Pallid Bat Facts

Pallid Bat Profile

This North American desert is hard and wild, but those who are brought here are harder still. And if you thought the continent’s most dangerous scorpion was the baddest of the Badlands, you might be in for a treat. Because today’s animal is a silent assassin of some of the toughest desert invertebrates around.

This extremely specialised nocturnal hunter flies low and strikes the ground in total darkness. And it’s got really cute, enormous ears. This is the Pallid Bat, a surprisingly important ecosystem servant of the western North American continent.

pallid bat drink

Pallid Bat Facts Overview

Habitat:Rocky areas in arid or semi-arid habitats
Location:Western North America
Lifespan:10 years
Size:Around 7.9 cm (2.75 inches) long without tail, another 5 cm tail
Weight:14-25 grams
Colour:Yellowish brown to cream colored fur on its back and white fur on its belly
Diet:Beetles, grasshoppers, moths, crickets, scorpions, and sometimes lizards, nectar
Predators:Cats, fox, racoons, snakes, coyotes and frogs.
Top Speed:Unknown
No. of Species:1
Conservation Status:Least Concern

Pallid bats are technically microbats, but big ones! They have cute piggy noses and enormous ears, which they use to find scuttling arthropods on the ground at night. They’re big enough to take lizards and even some fish, but their most accomplished quarry might be the bark scorpion.

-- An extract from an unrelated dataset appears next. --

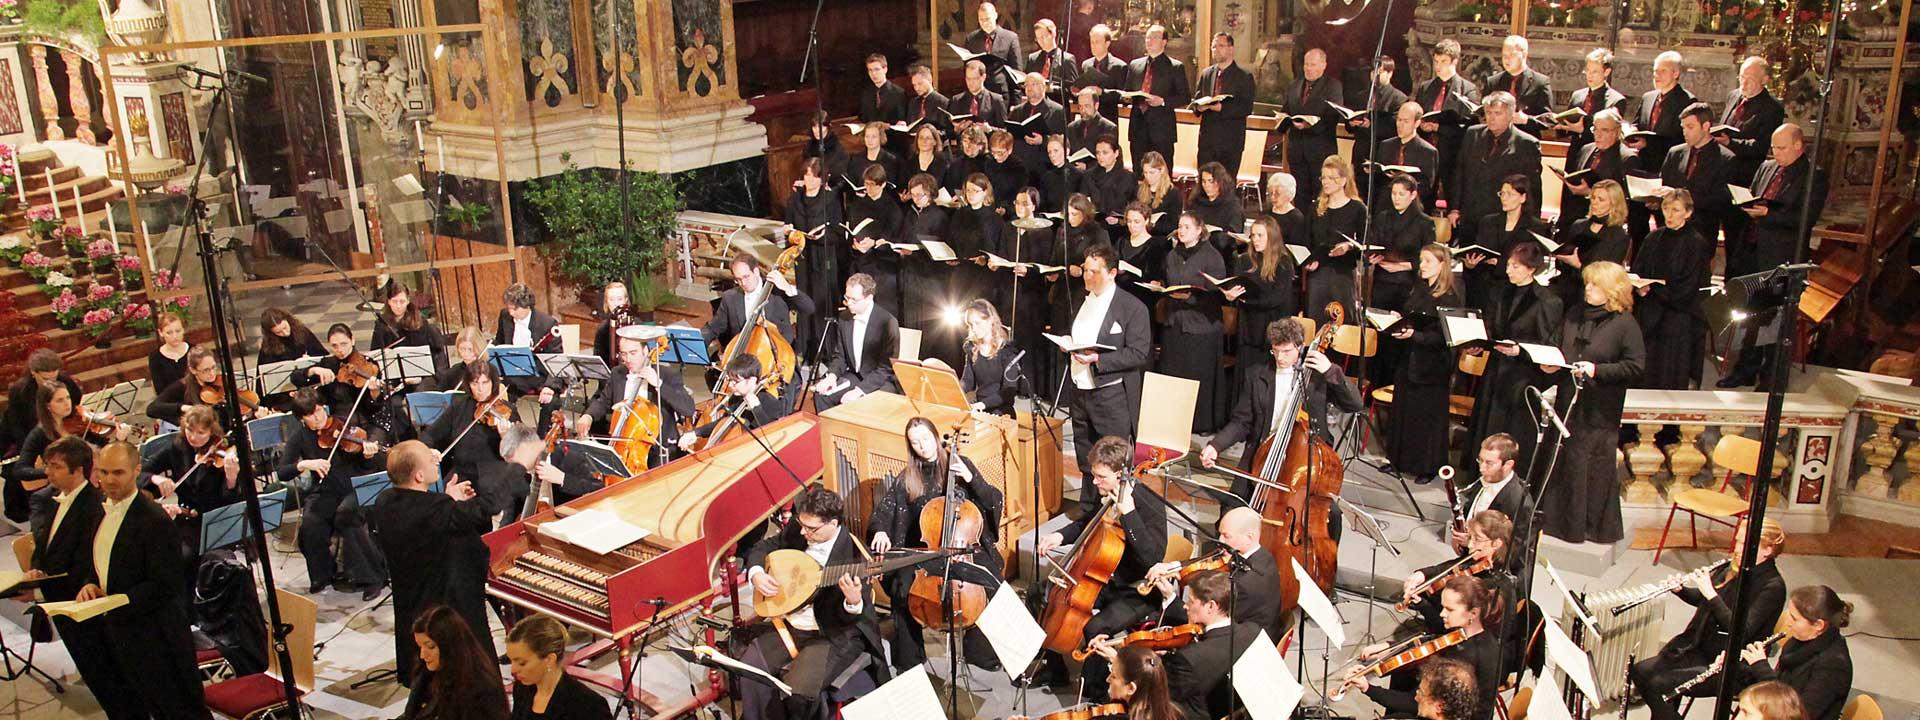 Münchener Bach-Chor und Bach-Orchester in Brixen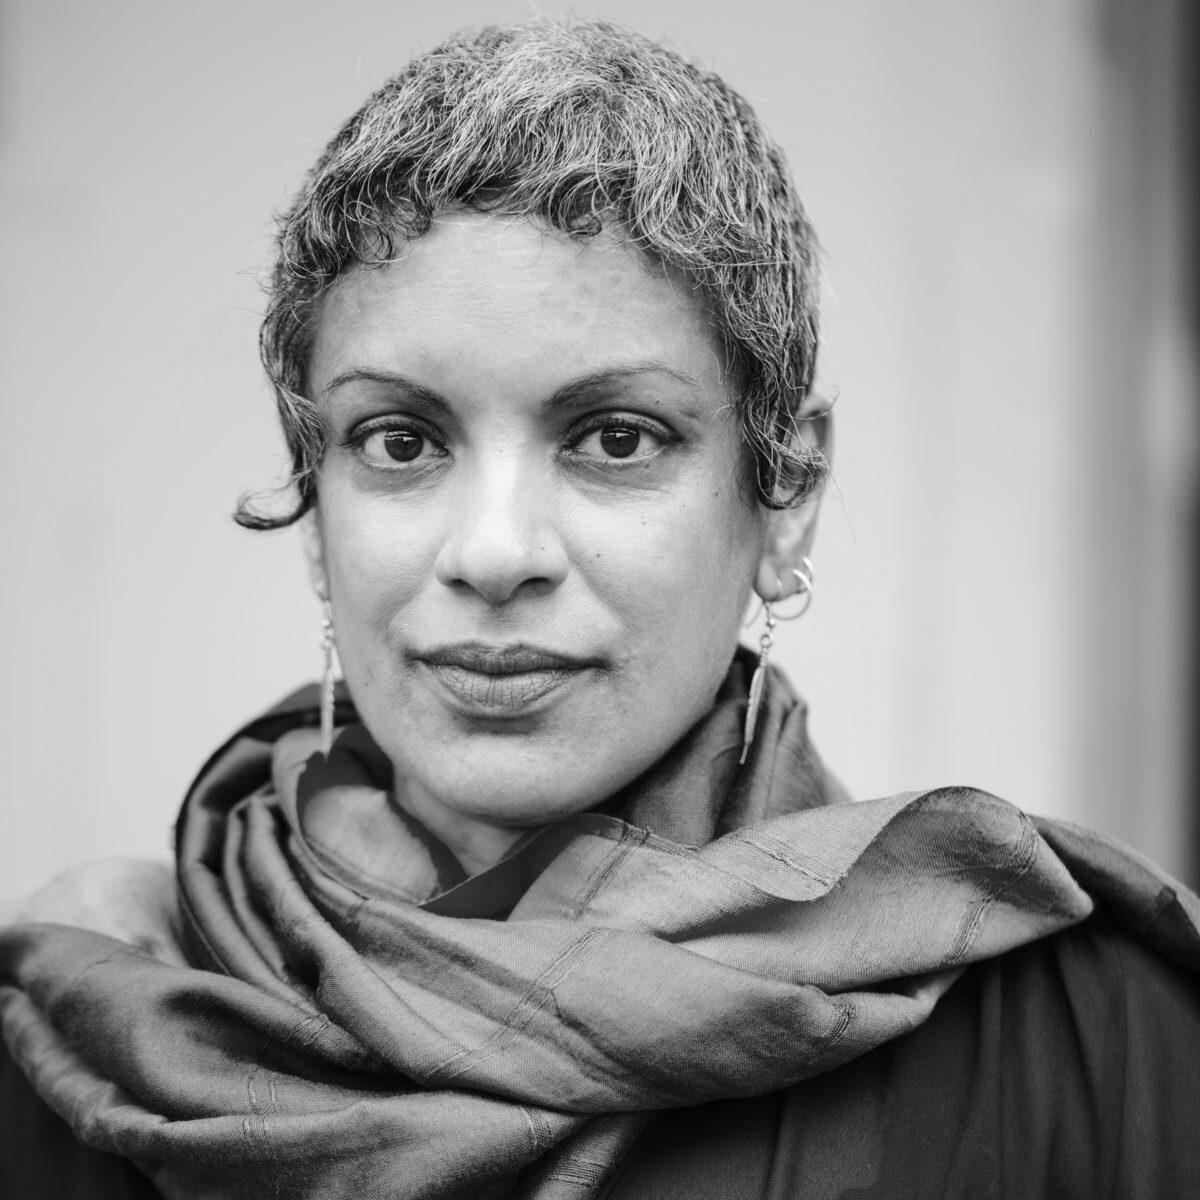 Sonali Sangeeta Balajee

These bats have a distinct smell, a distinctive mating strategy and a very wide impact on their habitats, and while they’re doing well on paper, their data is in need of a refresh.   

Interesting Pallid Bat Facts

1. They’re microbats! 

Bats are the most recent entry into the kingdom’s aviator competition, representing us mammals and the fourth known class of animal to take to the skies. The previous three in descending chronological order are the birds, the pterosaurs and the insects.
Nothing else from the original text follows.